2013-02-19 Vatican Radio
(Vatican Radio) History as a place of encounter with God, and the figure of the Messiah, as read through the Psalms. This was the central theme of the two meditations preached Tuesday morning, the third day of the Roman Curia’s Spiritual Exercises, led by Cardinal Gianfranco Ravasi, president of the Pontifical Council for Culture. Emer McCarthy reports:
Moving on from his reflections on the face of God revealed to man in the cosmos, on Tuesday time became the golden thread in meditations on Psalms 136 and 117. God’s theophany, in fact, takes place throughout history. The Cardinal noted that we particularly see this in the Old Testament, in what he defined as the historical creed of Israel, or the passages where we see a faith tied to facts, for example, the great gestures of God’s love: creation; exodus from Egypt, sign of liberation and hope for a people
Cardinal Ravasi says history reveals how we encounter God in the tangle of events, often those marked by suffering, but also joy. A fact made even more visible by the Incarnation:
"History is and should always be our favored place to meet our Lord, our God. Although it is a land of scandal, even if it is a land in which we often see maybe even the silence of God or apostasy of men".
Hope, he continued, is the central virtue to understanding that history is not a series of meaningless events, but as we see in the book of Job, it is controlled by God’s overriding project”.
“We consider the Lord as an ally, a strong and loving companion on our journey through the desert … a Pastor who protects from every natural and historical danger, and the journey towards freedom”.
Hope, said the Cardinal, is the “younger sister” of faith and charity. "Through hope, we are certain that we are not at the mercy of fate, an imponderable fate.
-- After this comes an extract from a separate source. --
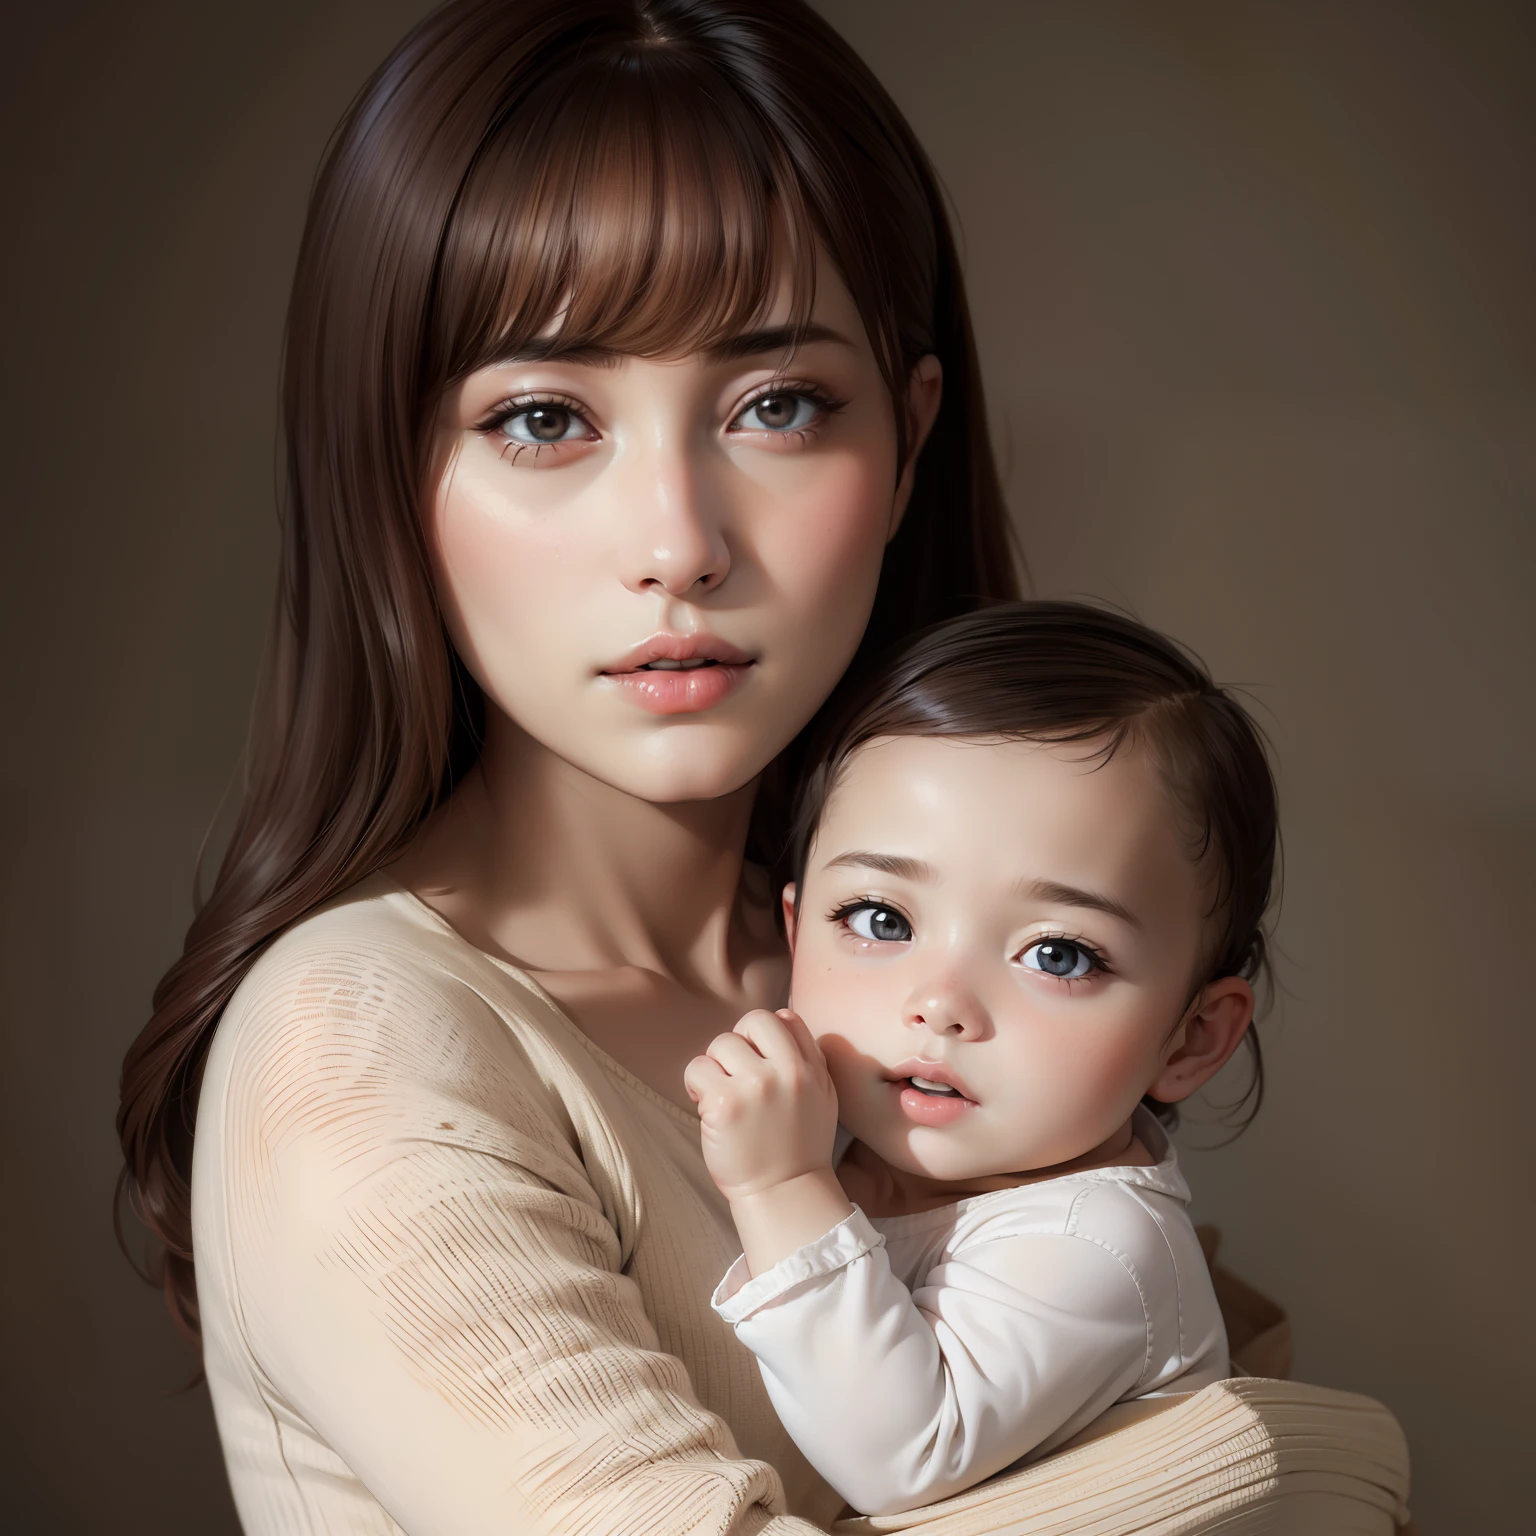 Cute Girl with her baby , photo REALISTIC high quality ultra 8k image

Our God is defined in Exodus 3 with the first person pronoun 'I' and the fundamental verb 'I am'. So, He is a Person who acts, who enters into events and that's why our relationship with God is a relationship of trust, dialogue, contact. Yes, our hope springs from the belief that history is not a succession of events without meaning. "
In his meditation Monday afternoon, Cardinal Ravasi spoke of the liturgy as the place of God's revelation. There are two basic dimensions: the vertical gaze towards God, and the horizontal gaze towards our brethren. He noted that it is necessary to strike a balance between these two dimensions, otherwise there is a risk of a sacramentalism, when the liturgy is seen as an ends in and of itself or of reducing the liturgy to that of a general assembly.
But above all, Cardinal Ravasi spoke of the need for a deeper analysis of the heart, so that worship does not become a merely external rite, as the prophet Isaiah notes when he says that God hates offerings and sacrifices. Loving our brothers and sisters and well as the confession of sins are, he concluded, crucial moments to cross the threshold that leads to communion with the Lord:
"To go to Communion with God - one bread, one Chalice - you have to be one body, we must have communion among us."